Supplied entries:

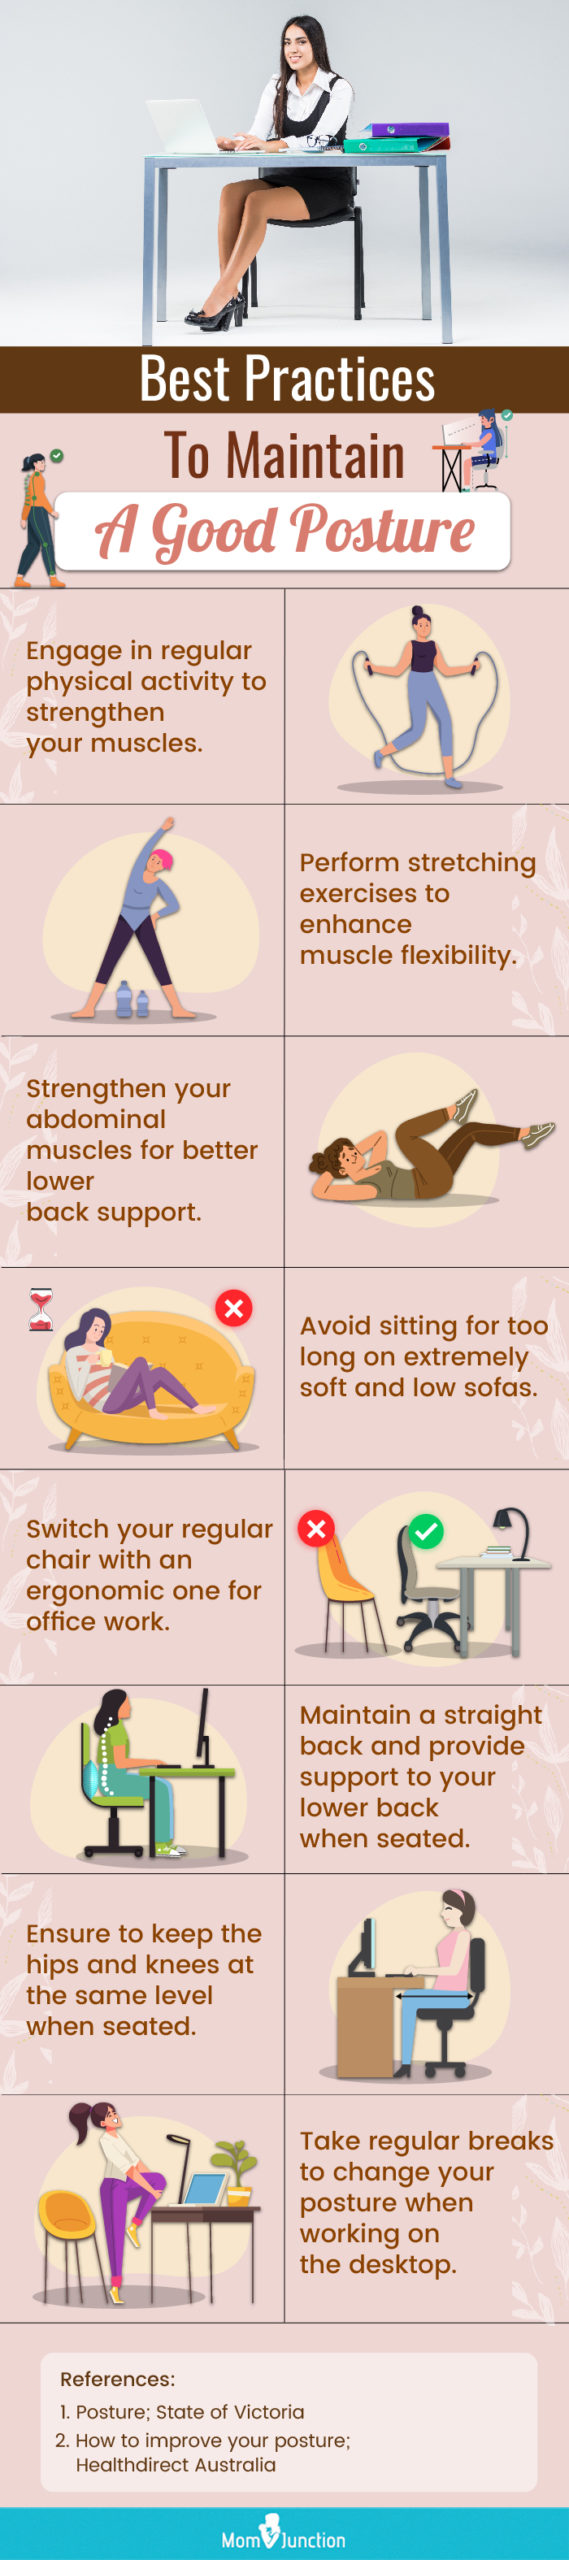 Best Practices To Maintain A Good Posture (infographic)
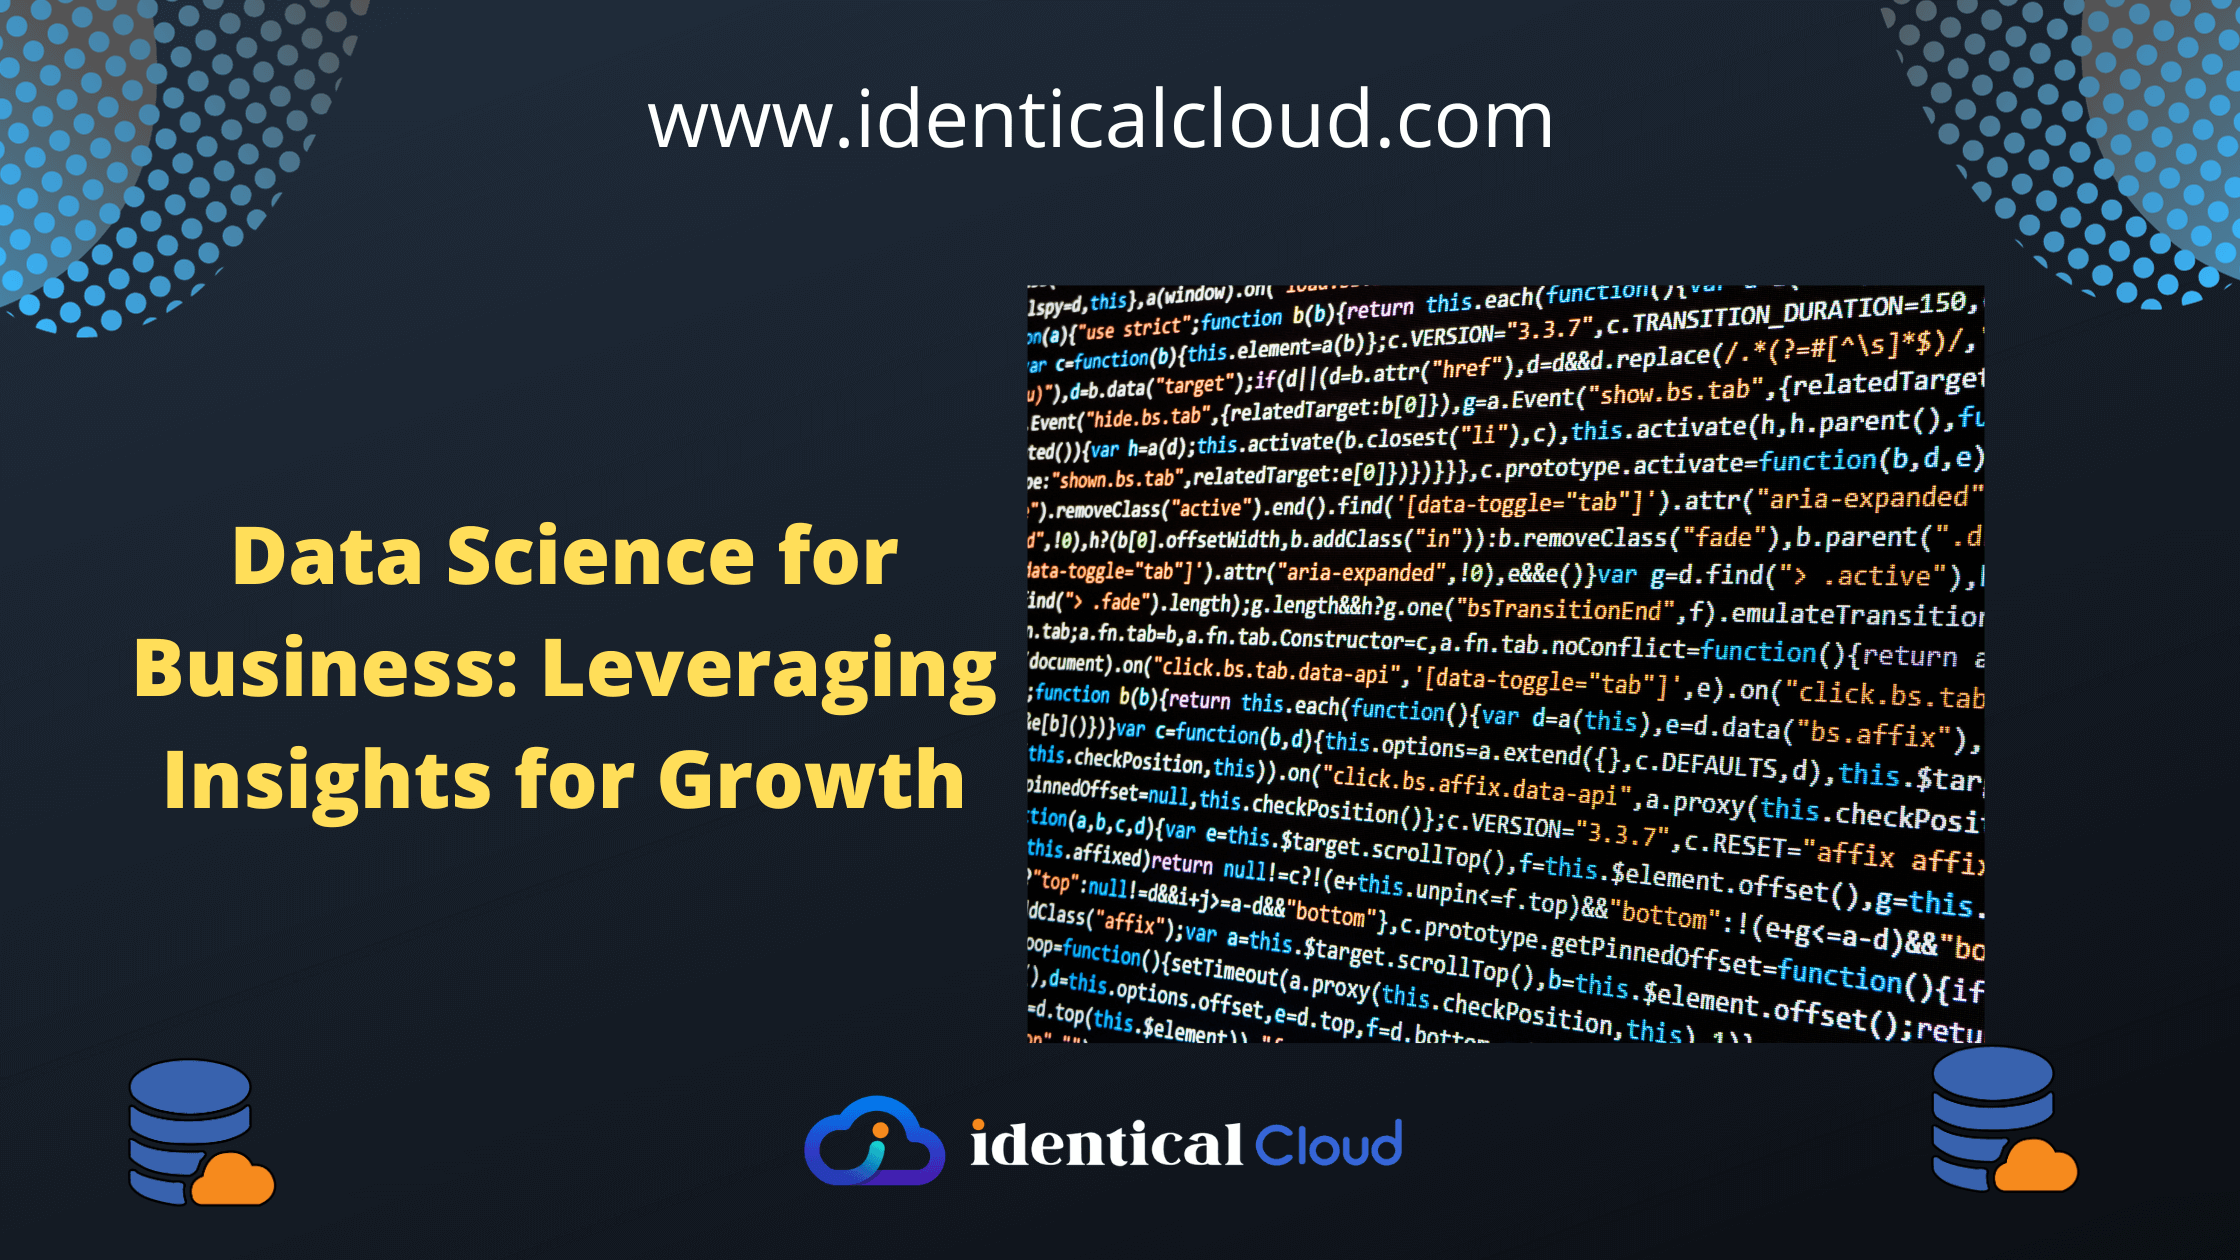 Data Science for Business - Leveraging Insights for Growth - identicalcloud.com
* * *
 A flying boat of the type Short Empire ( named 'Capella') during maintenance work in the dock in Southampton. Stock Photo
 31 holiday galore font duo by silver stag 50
--
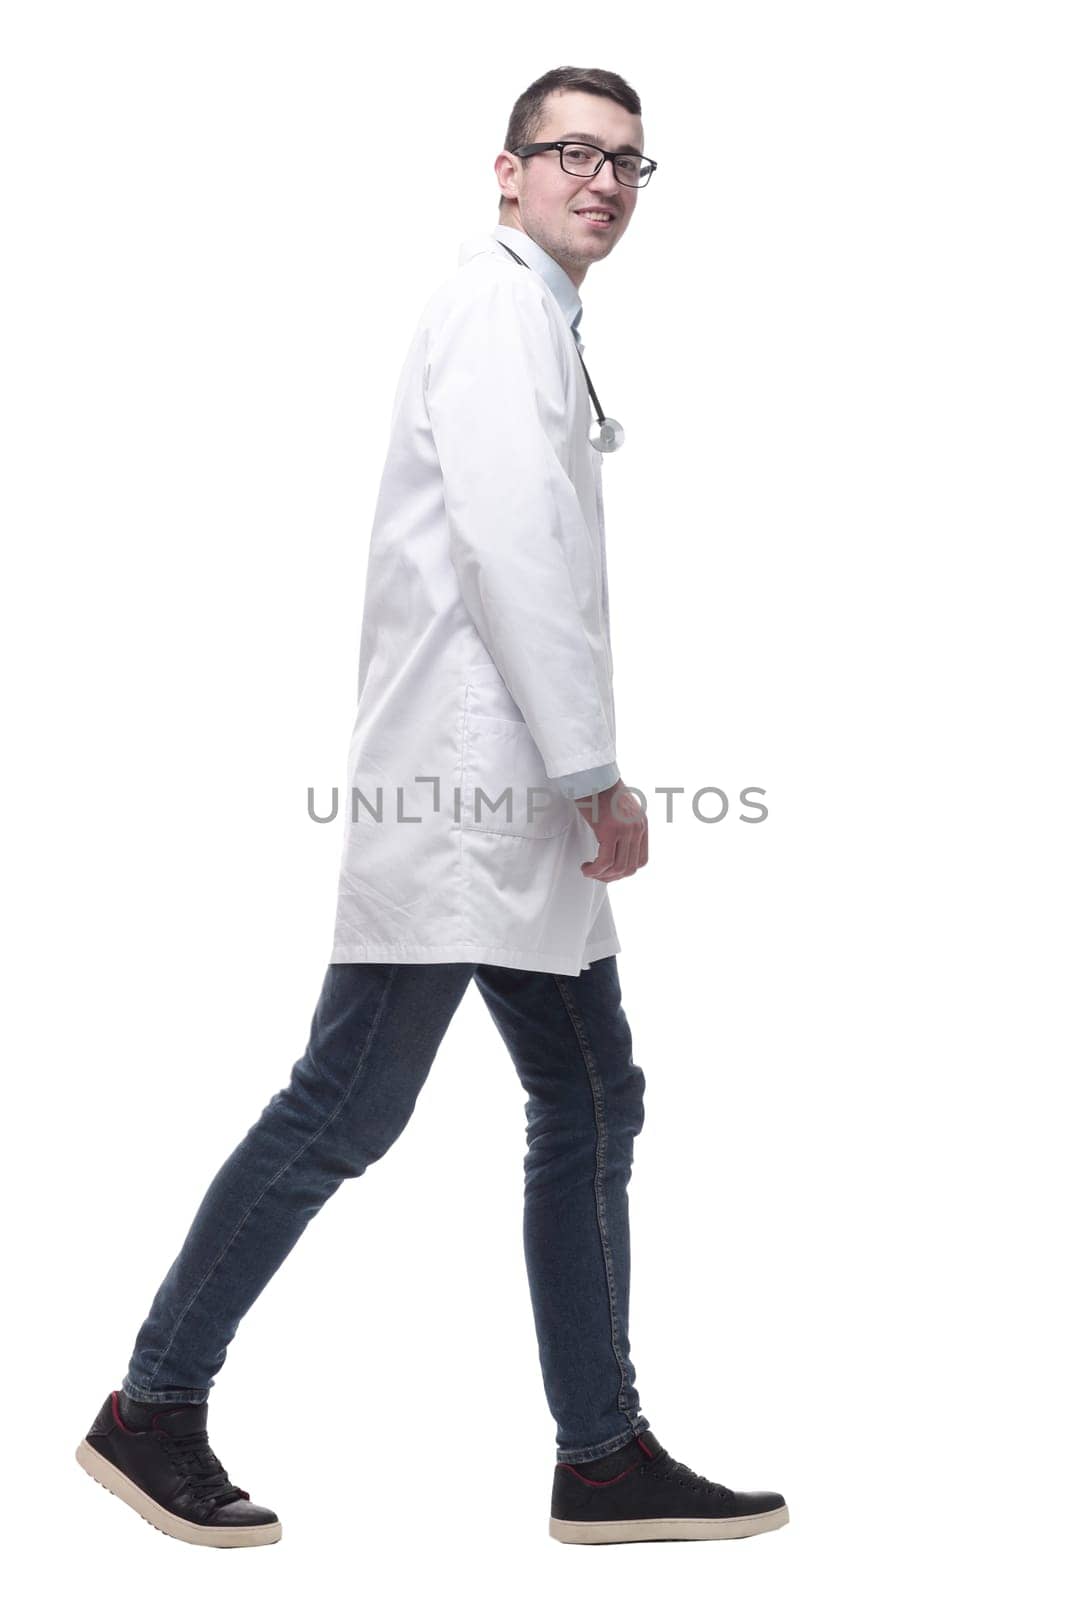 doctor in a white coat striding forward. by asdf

Task to complete: All that is wanted is a faithful reproduction of the line above with "A flying boat", the line with "31 holiday galore font duo by silver stag 50", and every line in between.

Result for this task:
 A flying boat of the type Short Empire ( named 'Capella') during maintenance work in the dock in Southampton. Stock Photo
 31 holiday galore font duo by silver stag 50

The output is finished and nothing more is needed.